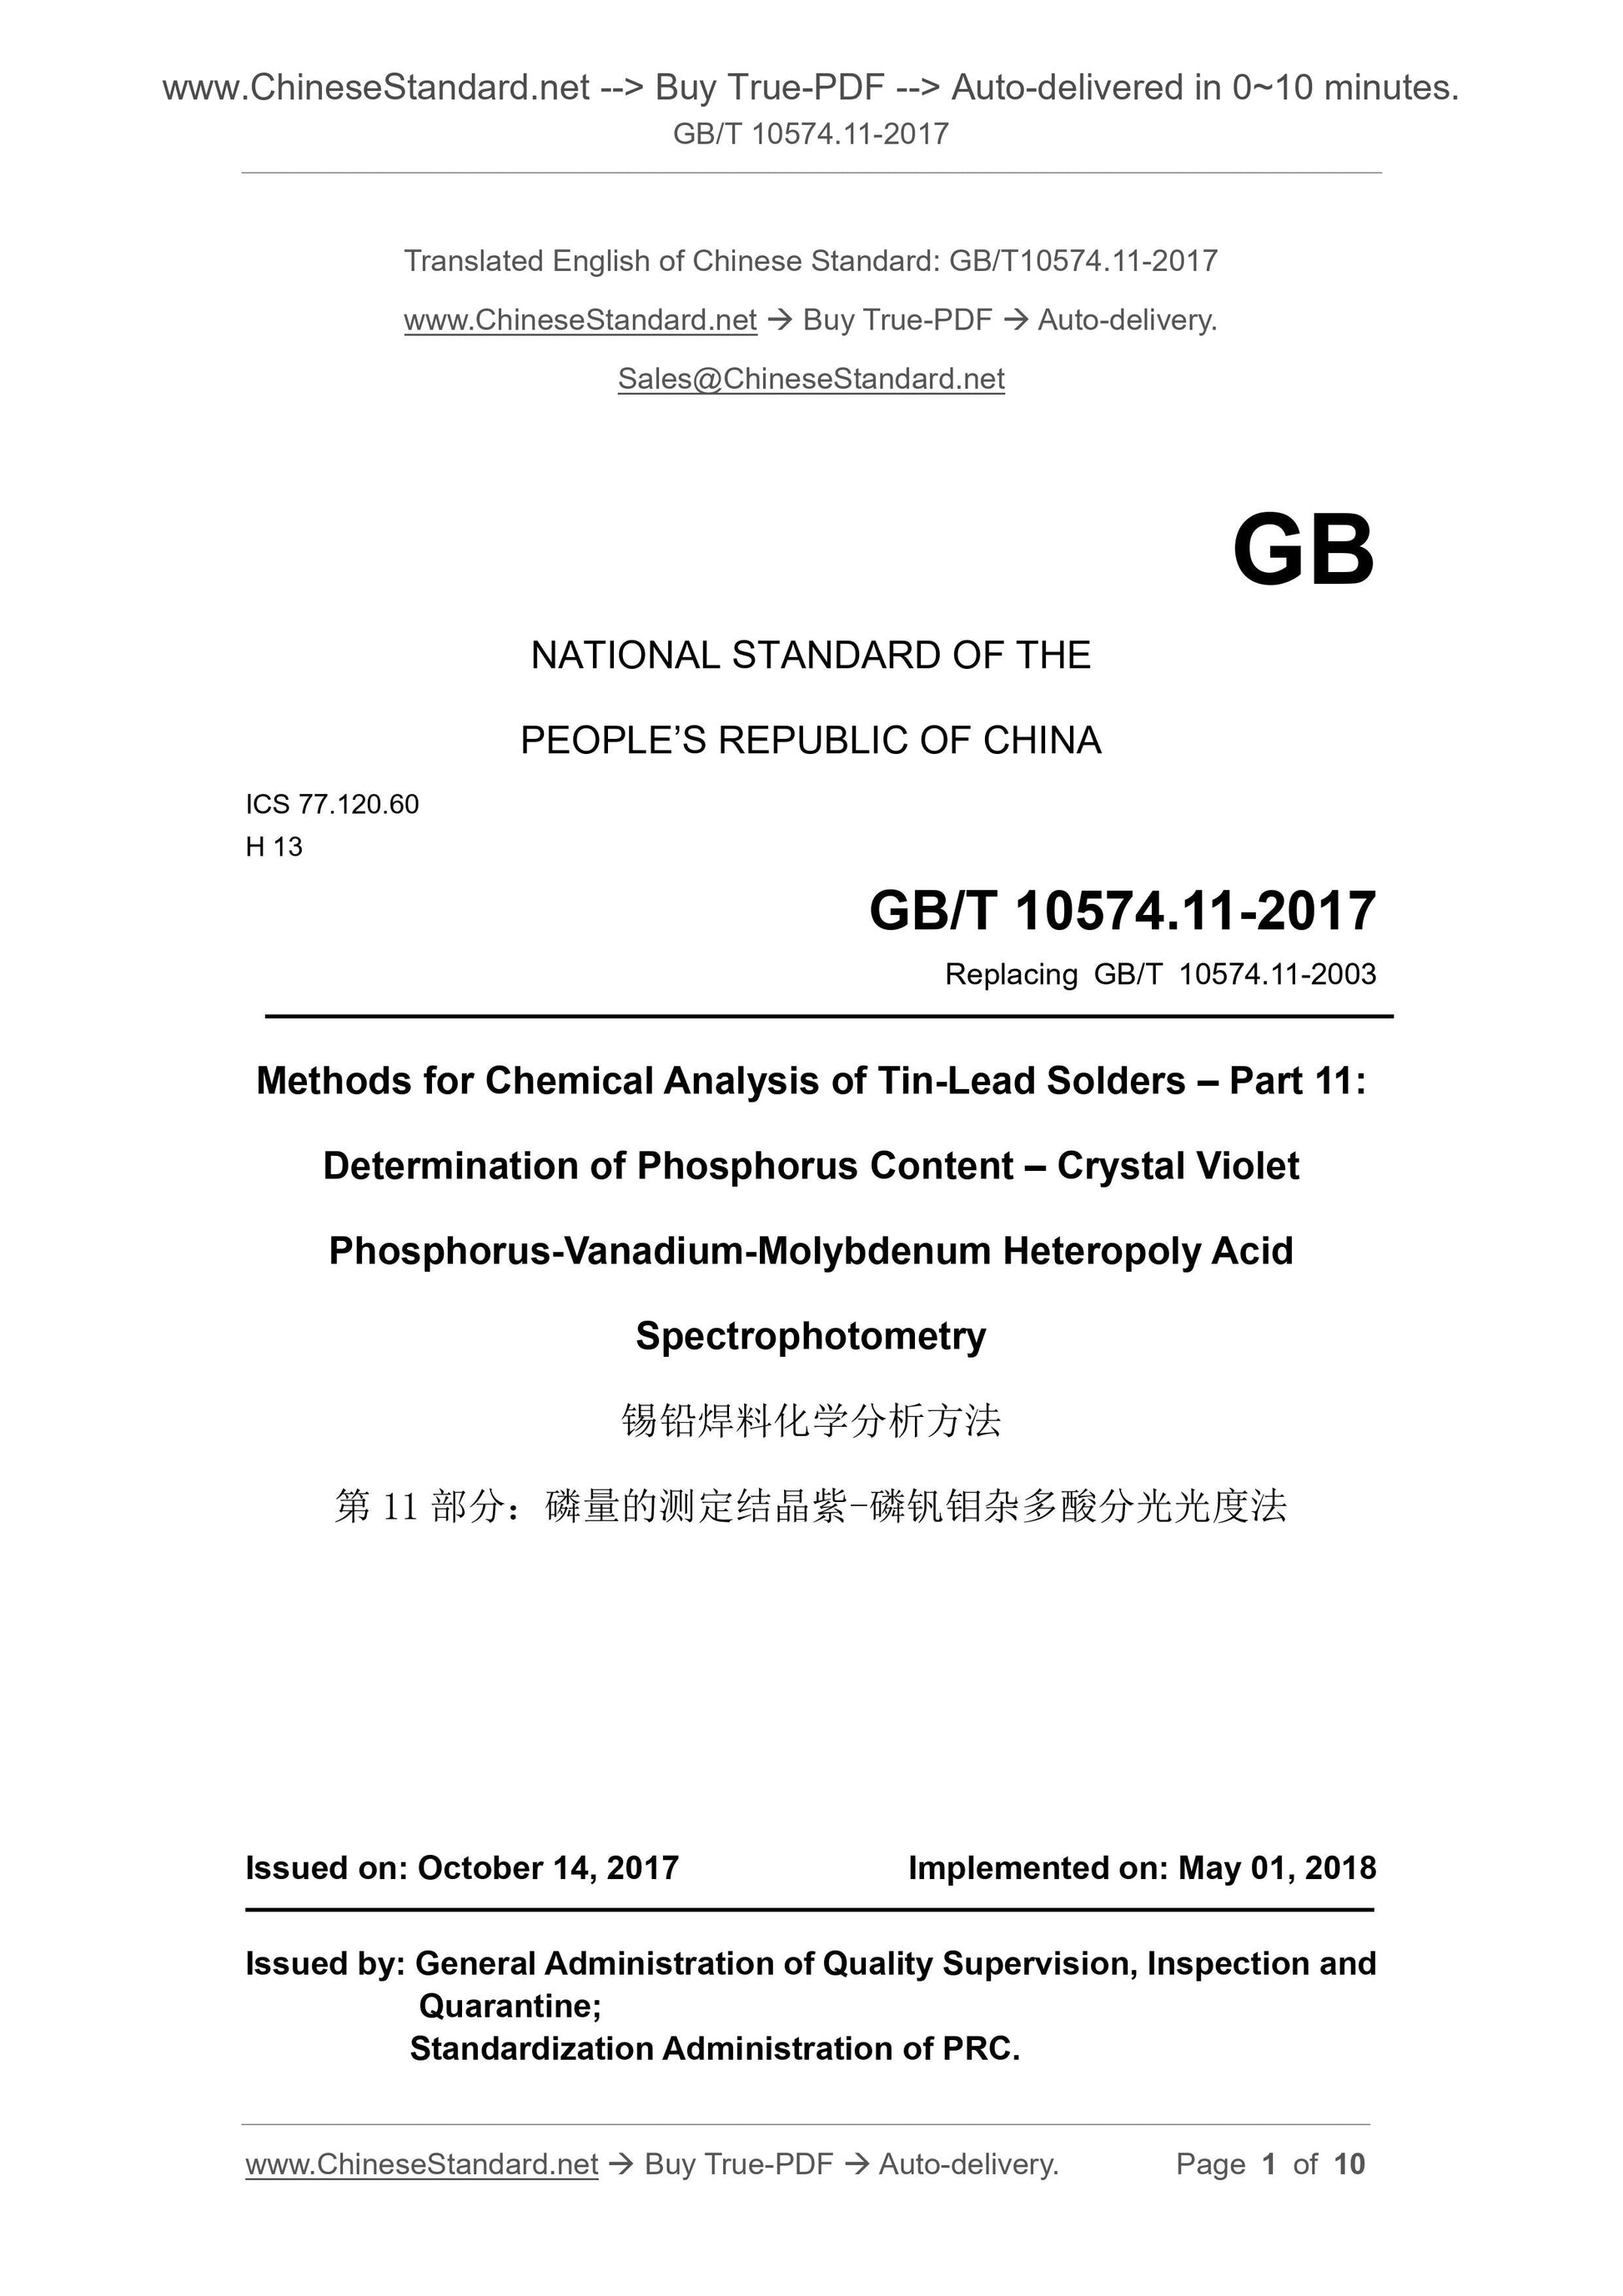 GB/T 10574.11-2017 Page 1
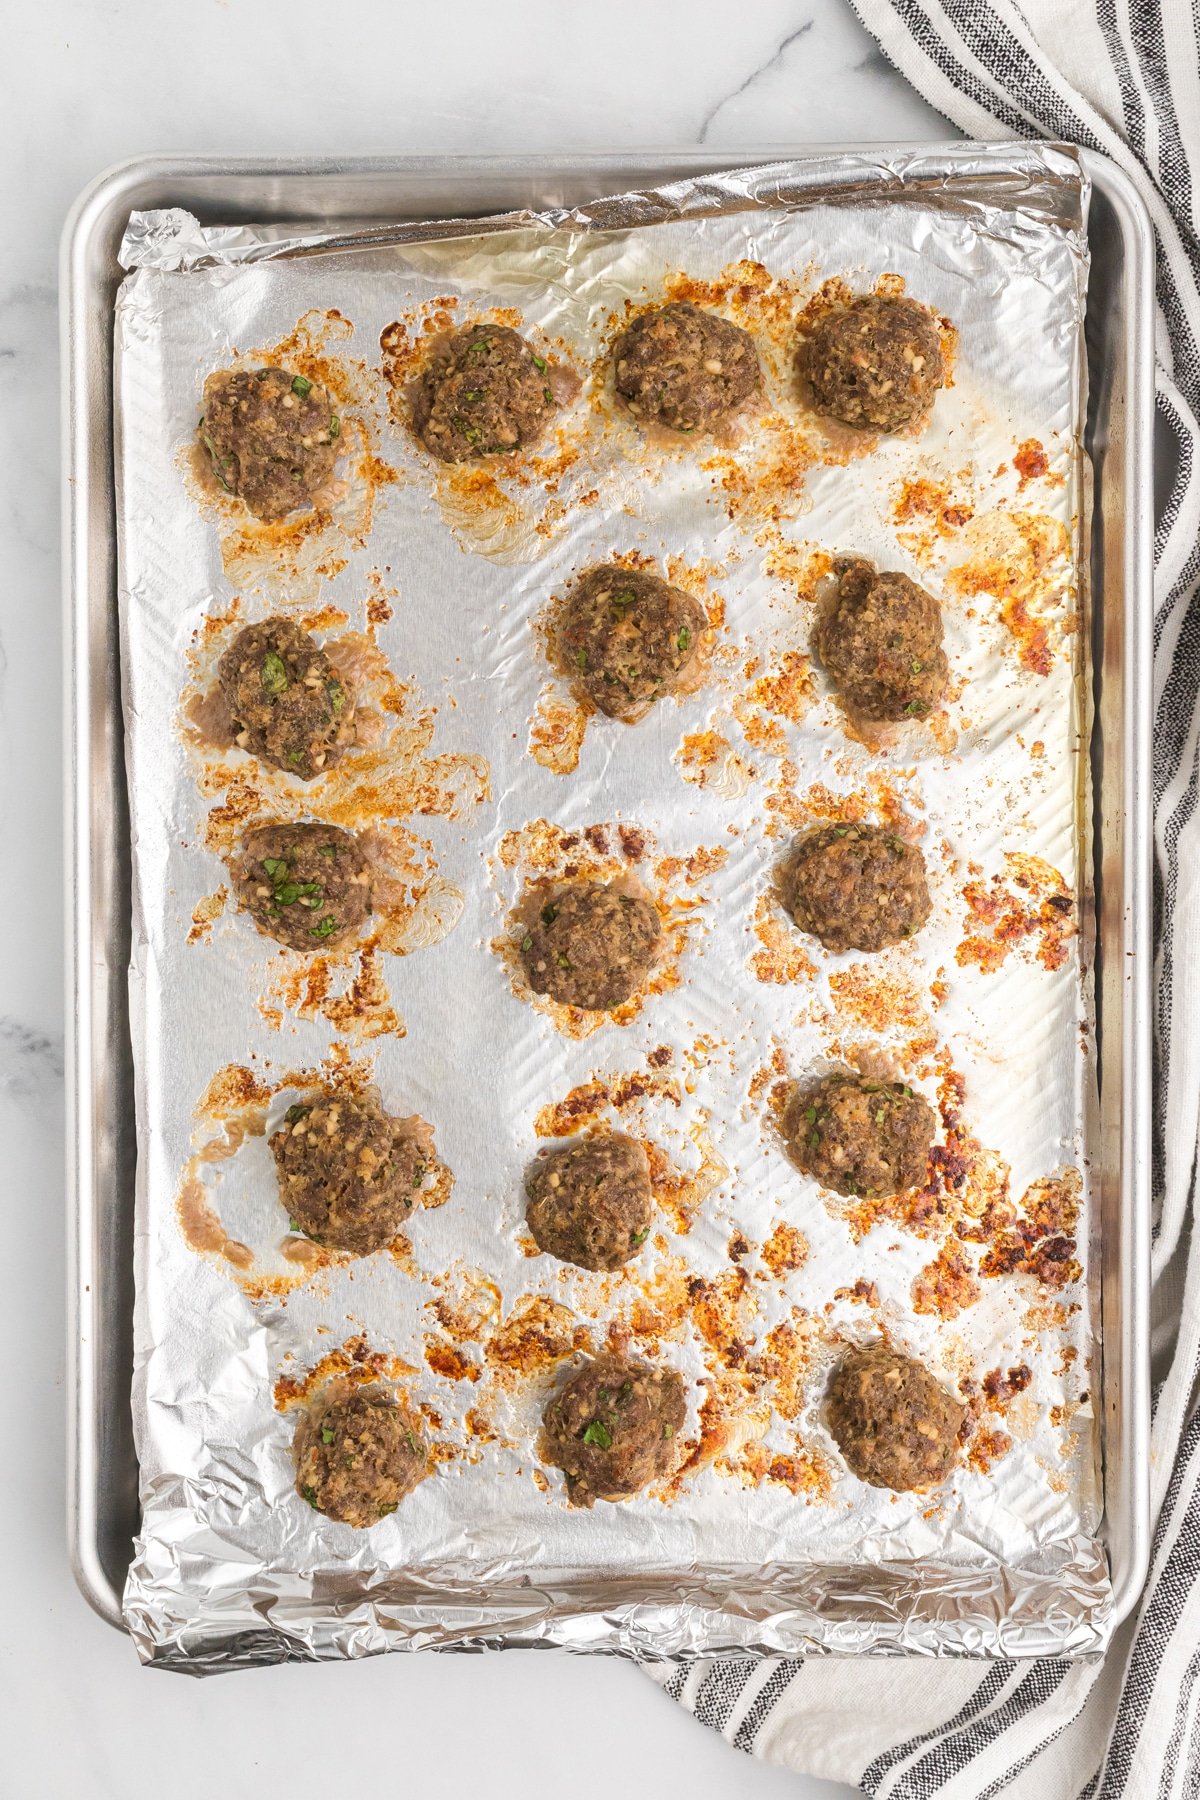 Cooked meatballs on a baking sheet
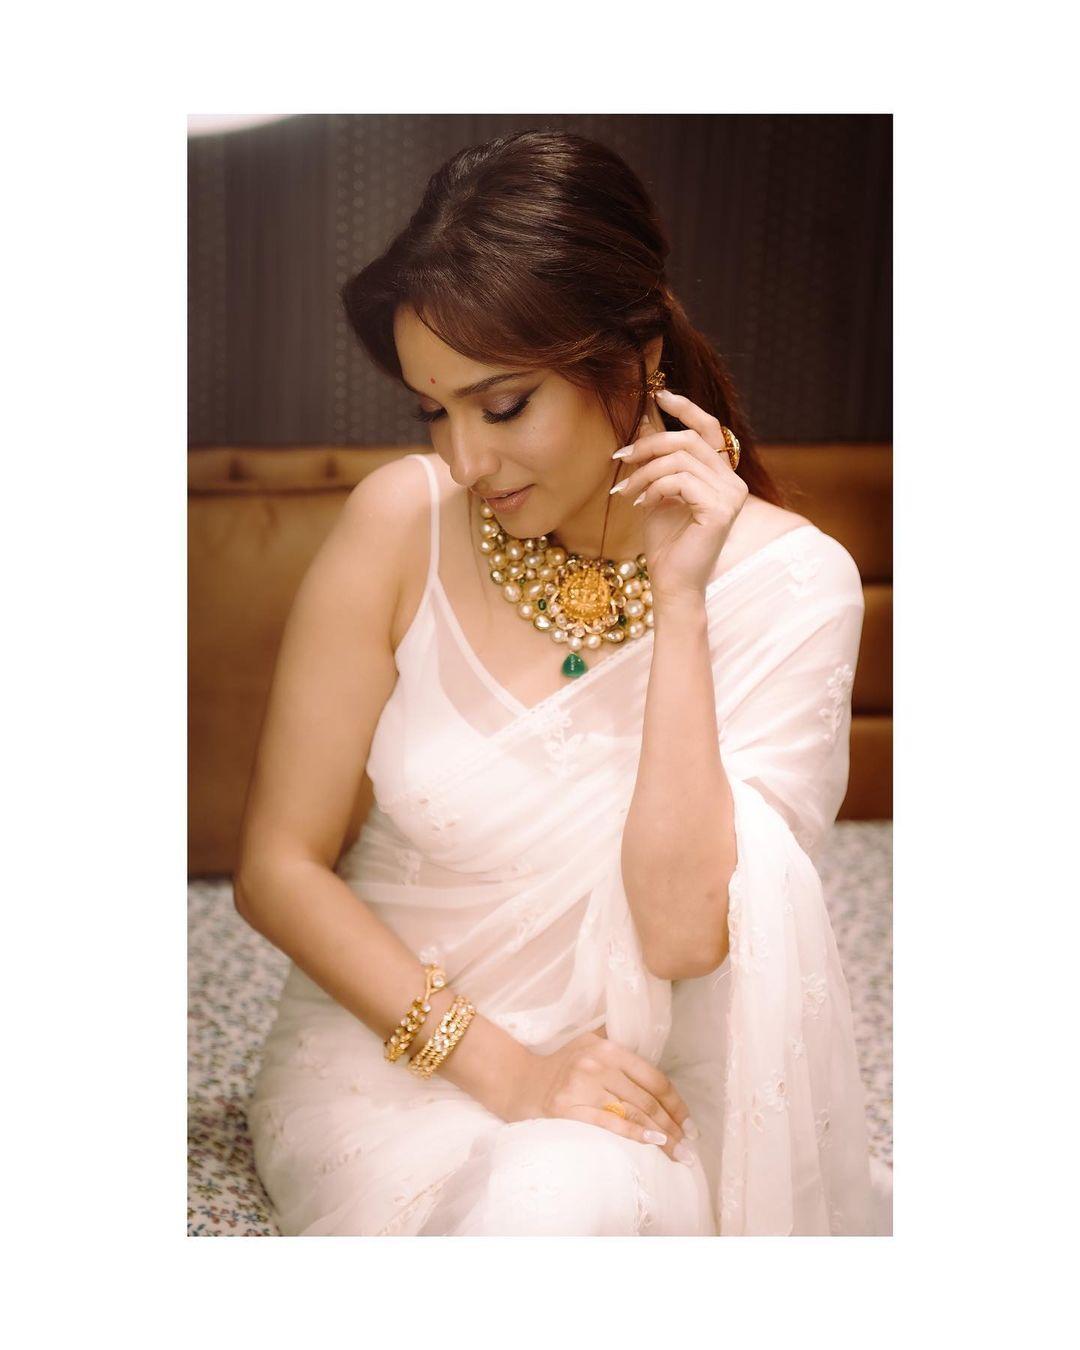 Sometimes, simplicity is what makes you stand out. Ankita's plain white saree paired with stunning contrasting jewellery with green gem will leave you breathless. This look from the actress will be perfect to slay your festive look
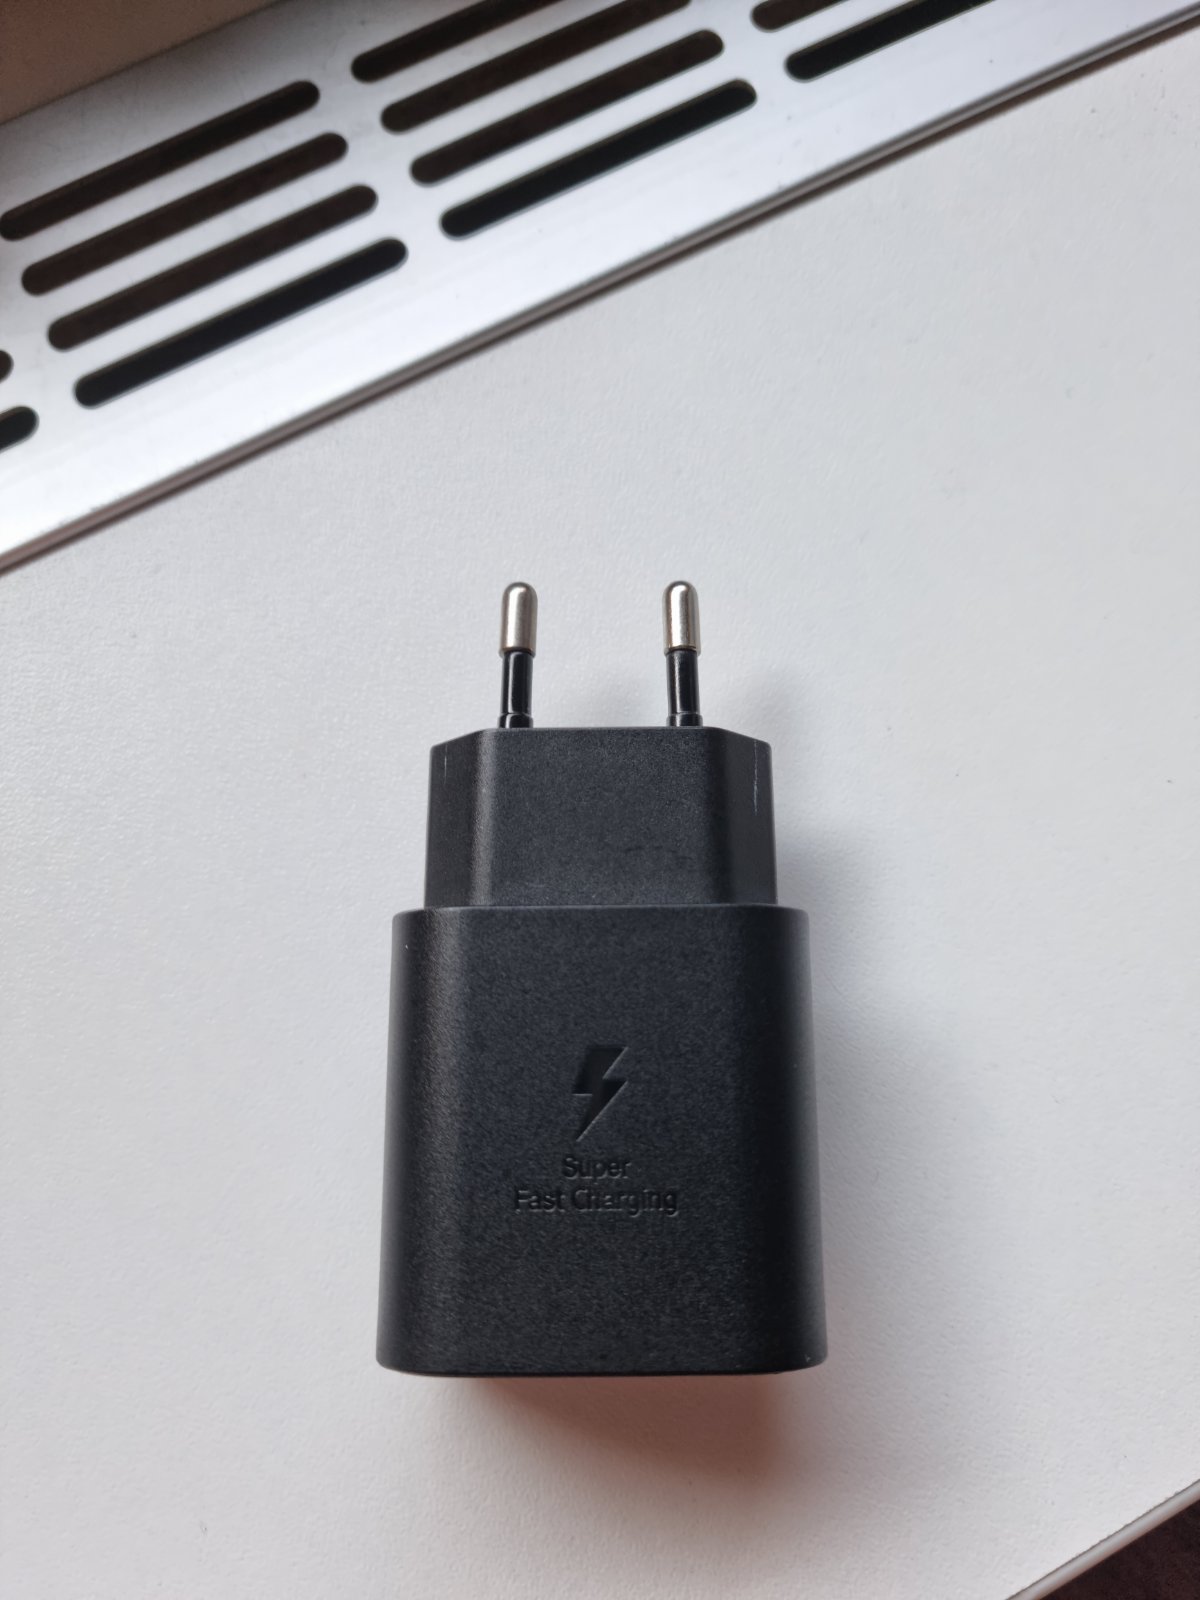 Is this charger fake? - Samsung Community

***

YOUR INSTRUCTIONS: Reproduce the lines above exactly, please, but not the pictures in them.

EXPECTED ANSWER:
 GB/T 10574.11-2017 Page 1
 Cooked meatballs on a baking sheet
 Sometimes, simplicity is what makes you stand out. Ankita's plain white saree paired with stunning contrasting jewellery with green gem will leave you breathless. This look from the actress will be perfect to slay your festive look
 Is this charger fake? - Samsung Community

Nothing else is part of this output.